PROBLEM TO SOLVE » After locating the line with "A cold, misty" below, output it and each following line exactly, stopping after the line with "Love Blue Beads". No pictures.

INPUT FOR THIS TASK »
BEGIN

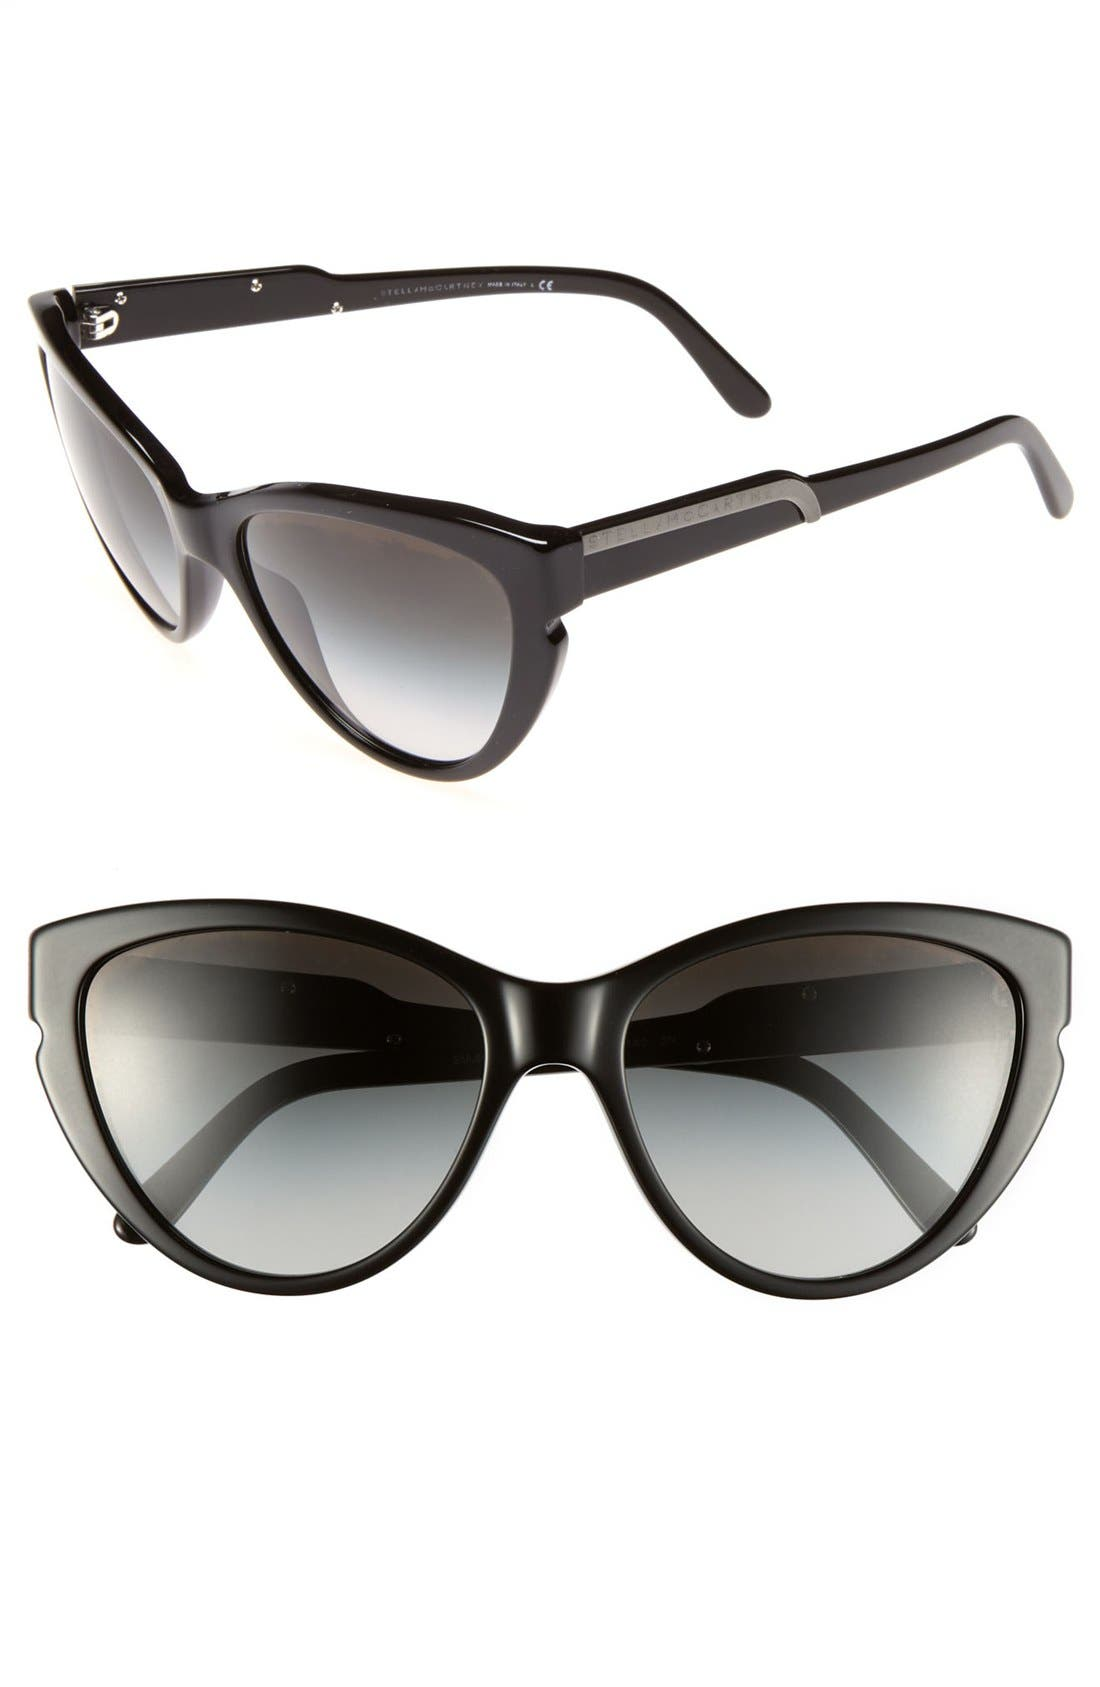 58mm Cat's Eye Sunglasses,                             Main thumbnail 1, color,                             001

END
BEGIN

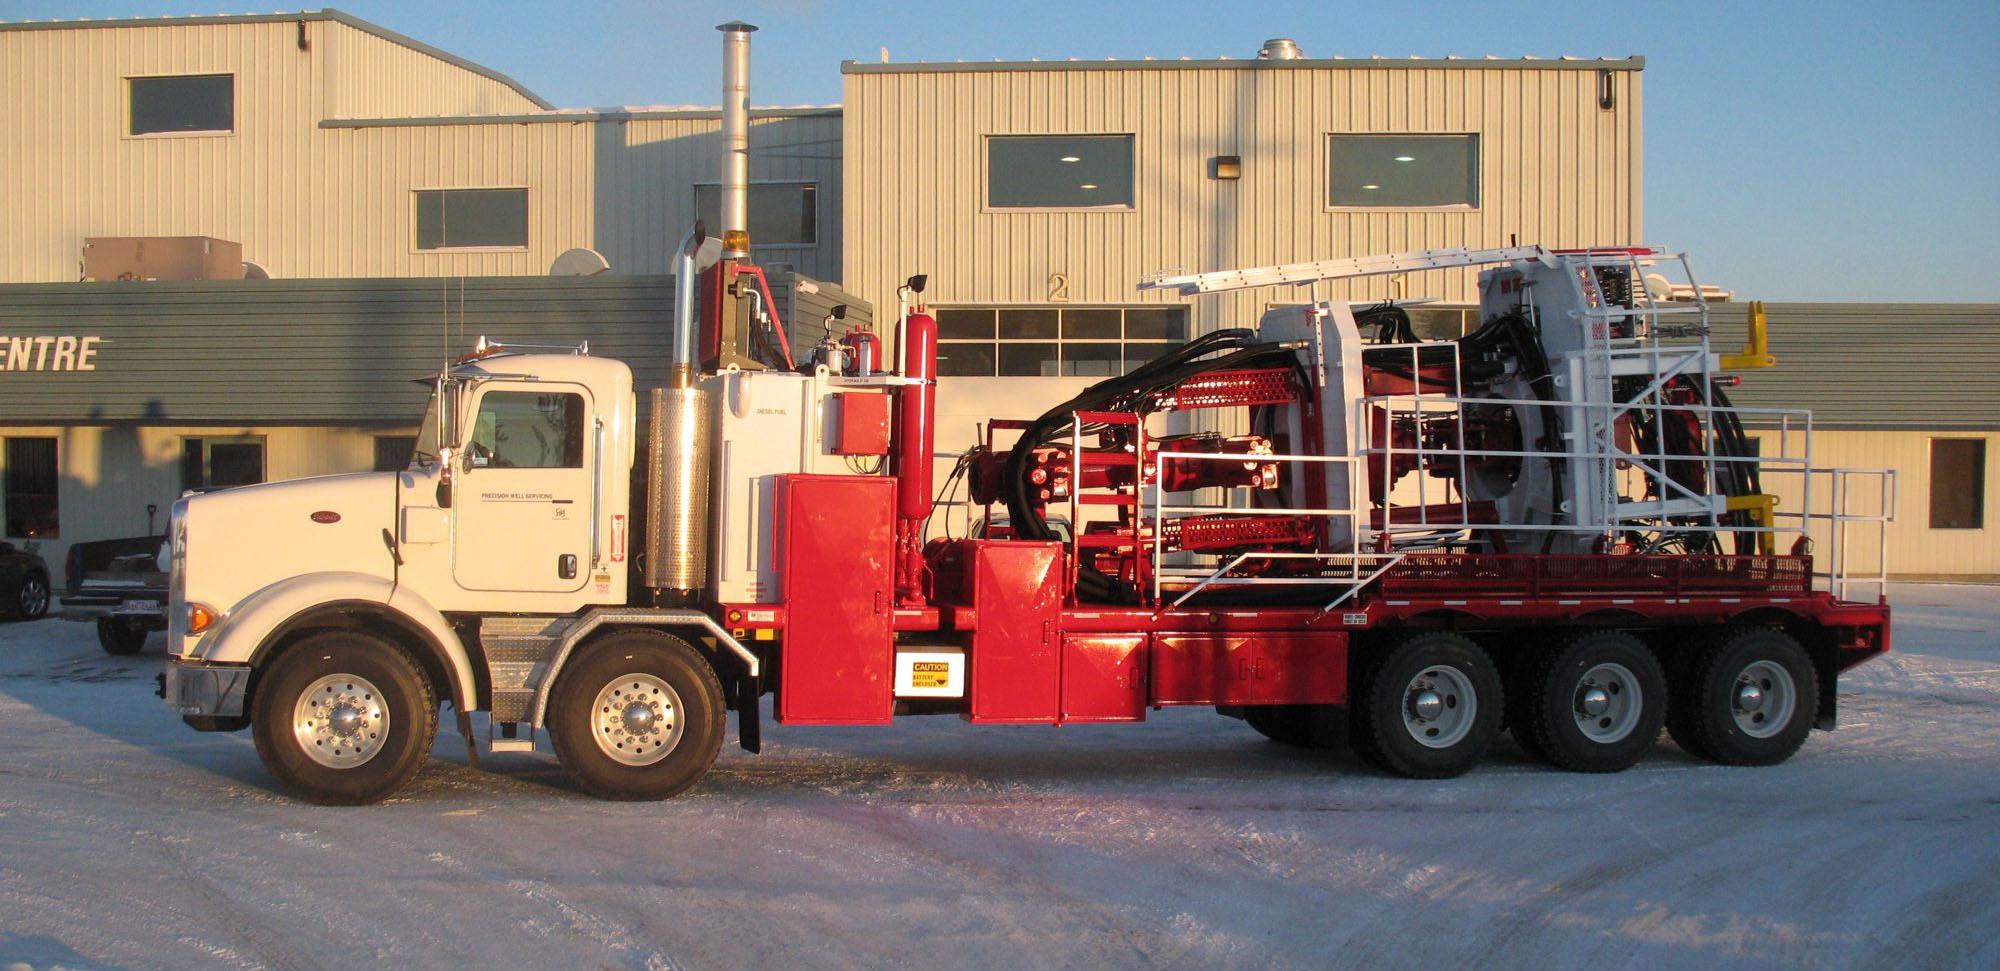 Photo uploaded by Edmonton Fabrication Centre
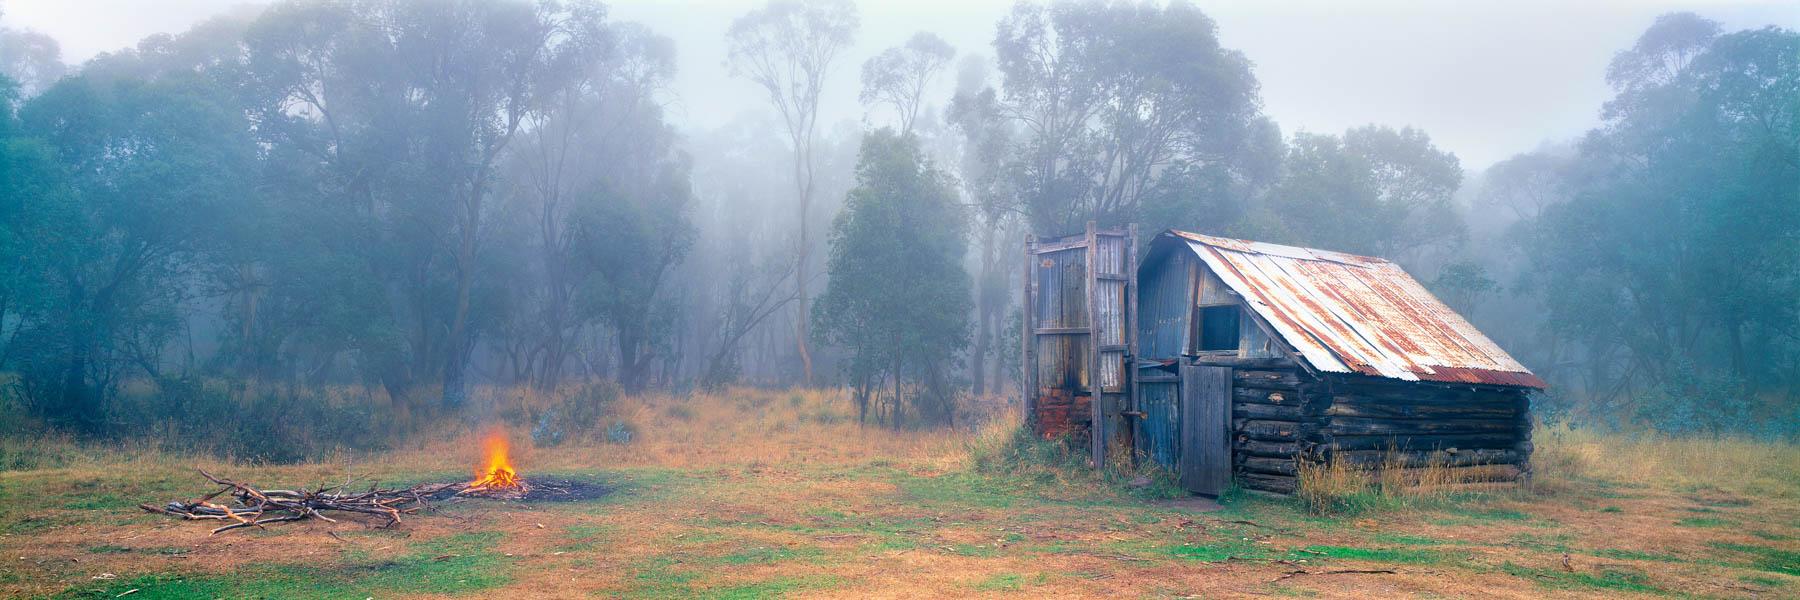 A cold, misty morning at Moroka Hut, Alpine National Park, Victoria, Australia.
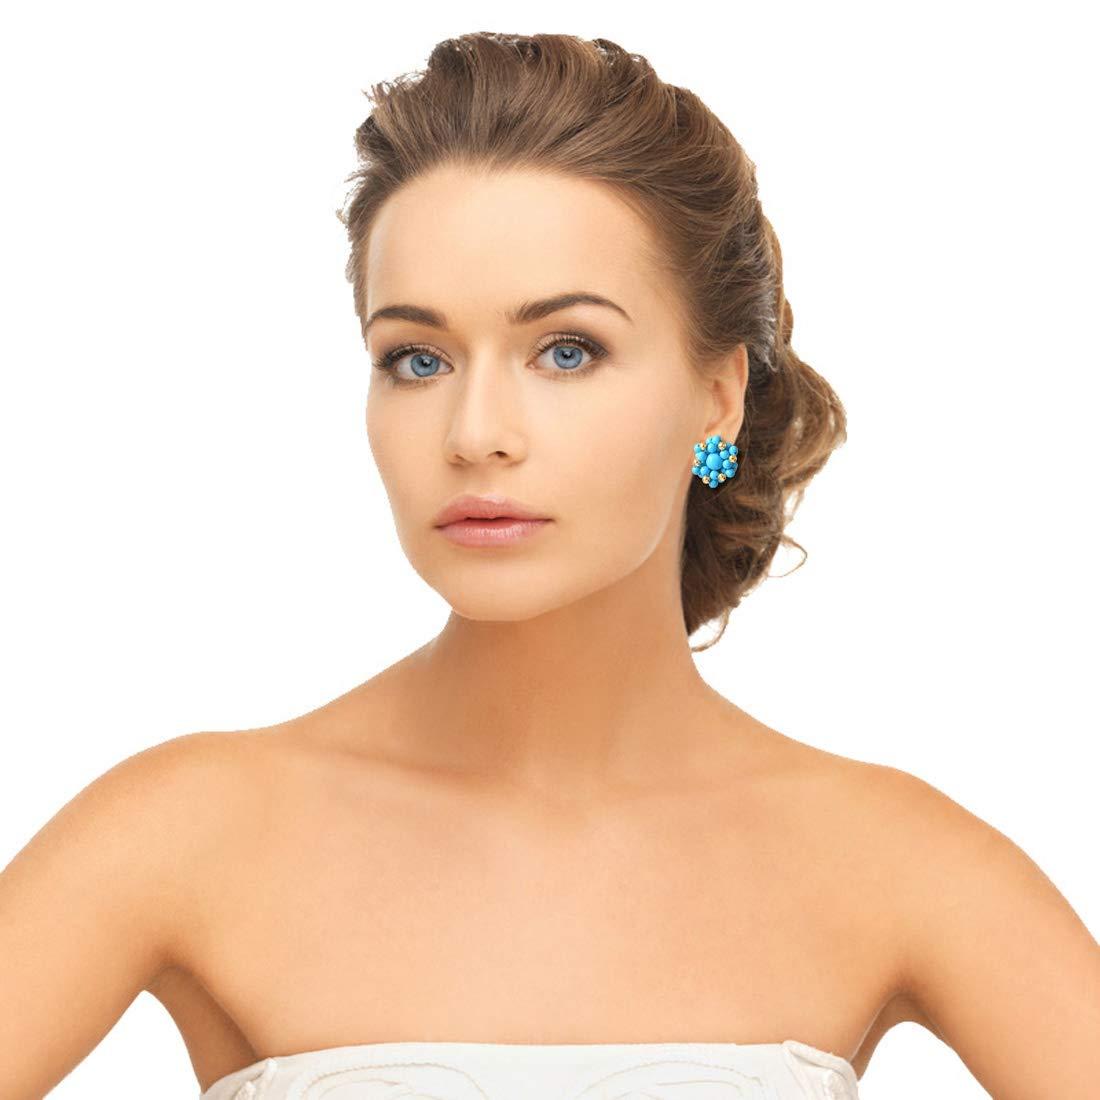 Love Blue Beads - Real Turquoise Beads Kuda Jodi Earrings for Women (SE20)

END

TASK RESPONSE »
 A cold, misty morning at Moroka Hut, Alpine National Park, Victoria, Australia.
 Love Blue Beads - Real Turquoise Beads Kuda Jodi Earrings for Women (SE20)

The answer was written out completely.